> [ACTIVITY] From the first line to the last, return the data exactly as written.

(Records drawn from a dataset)

-- Opening Marker --

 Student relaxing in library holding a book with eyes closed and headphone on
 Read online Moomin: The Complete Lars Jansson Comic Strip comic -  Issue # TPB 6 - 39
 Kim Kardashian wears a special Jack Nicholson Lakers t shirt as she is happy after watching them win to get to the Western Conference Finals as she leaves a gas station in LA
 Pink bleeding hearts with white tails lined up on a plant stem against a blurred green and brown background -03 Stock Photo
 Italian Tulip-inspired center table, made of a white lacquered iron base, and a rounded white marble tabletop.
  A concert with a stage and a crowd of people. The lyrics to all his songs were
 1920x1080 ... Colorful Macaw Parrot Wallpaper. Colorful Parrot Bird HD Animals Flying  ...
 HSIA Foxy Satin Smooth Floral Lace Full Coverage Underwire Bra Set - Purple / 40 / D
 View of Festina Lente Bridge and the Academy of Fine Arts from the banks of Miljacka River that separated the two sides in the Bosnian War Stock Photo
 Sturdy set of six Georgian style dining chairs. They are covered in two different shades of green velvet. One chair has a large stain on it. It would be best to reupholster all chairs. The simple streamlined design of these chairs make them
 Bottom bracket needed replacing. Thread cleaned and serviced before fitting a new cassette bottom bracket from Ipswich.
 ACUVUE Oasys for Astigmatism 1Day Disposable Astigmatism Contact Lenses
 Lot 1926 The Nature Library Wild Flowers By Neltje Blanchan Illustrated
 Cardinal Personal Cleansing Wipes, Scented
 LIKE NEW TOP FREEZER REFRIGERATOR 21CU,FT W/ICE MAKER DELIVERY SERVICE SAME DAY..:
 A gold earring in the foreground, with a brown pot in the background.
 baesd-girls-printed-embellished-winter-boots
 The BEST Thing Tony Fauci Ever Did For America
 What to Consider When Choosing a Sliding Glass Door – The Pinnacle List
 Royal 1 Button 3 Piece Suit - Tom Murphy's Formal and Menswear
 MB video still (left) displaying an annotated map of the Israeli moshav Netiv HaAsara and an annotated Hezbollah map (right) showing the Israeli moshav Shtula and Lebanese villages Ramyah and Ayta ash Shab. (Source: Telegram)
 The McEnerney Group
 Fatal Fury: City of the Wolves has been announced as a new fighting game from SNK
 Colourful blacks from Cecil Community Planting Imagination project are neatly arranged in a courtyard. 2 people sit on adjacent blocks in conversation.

-- Closing Marker --

> [WRITTEN ANSWER]
 Student relaxing in library holding a book with eyes closed and headphone on
 Read online Moomin: The Complete Lars Jansson Comic Strip comic -  Issue # TPB 6 - 39
 Kim Kardashian wears a special Jack Nicholson Lakers t shirt as she is happy after watching them win to get to the Western Conference Finals as she leaves a gas station in LA
 Pink bleeding hearts with white tails lined up on a plant stem against a blurred green and brown background -03 Stock Photo
 Italian Tulip-inspired center table, made of a white lacquered iron base, and a rounded white marble tabletop.
  A concert with a stage and a crowd of people. The lyrics to all his songs were
 1920x1080 ... Colorful Macaw Parrot Wallpaper. Colorful Parrot Bird HD Animals Flying  ...
 HSIA Foxy Satin Smooth Floral Lace Full Coverage Underwire Bra Set - Purple / 40 / D
 View of Festina Lente Bridge and the Academy of Fine Arts from the banks of Miljacka River that separated the two sides in the Bosnian War Stock Photo
 Sturdy set of six Georgian style dining chairs. They are covered in two different shades of green velvet. One chair has a large stain on it. It would be best to reupholster all chairs. The simple streamlined design of these chairs make them
 Bottom bracket needed replacing. Thread cleaned and serviced before fitting a new cassette bottom bracket from Ipswich.
 ACUVUE Oasys for Astigmatism 1Day Disposable Astigmatism Contact Lenses
 Lot 1926 The Nature Library Wild Flowers By Neltje Blanchan Illustrated
 Cardinal Personal Cleansing Wipes, Scented
 LIKE NEW TOP FREEZER REFRIGERATOR 21CU,FT W/ICE MAKER DELIVERY SERVICE SAME DAY..:
 A gold earring in the foreground, with a brown pot in the background.
 baesd-girls-printed-embellished-winter-boots
 The BEST Thing Tony Fauci Ever Did For America
 What to Consider When Choosing a Sliding Glass Door – The Pinnacle List
 Royal 1 Button 3 Piece Suit - Tom Murphy's Formal and Menswear
 MB video still (left) displaying an annotated map of the Israeli moshav Netiv HaAsara and an annotated Hezbollah map (right) showing the Israeli moshav Shtula and Lebanese villages Ramyah and Ayta ash Shab. (Source: Telegram)
 The McEnerney Group
 Fatal Fury: City of the Wolves has been announced as a new fighting game from SNK
 Colourful blacks from Cecil Community Planting Imagination project are neatly arranged in a courtyard. 2 people sit on adjacent blocks in conversation.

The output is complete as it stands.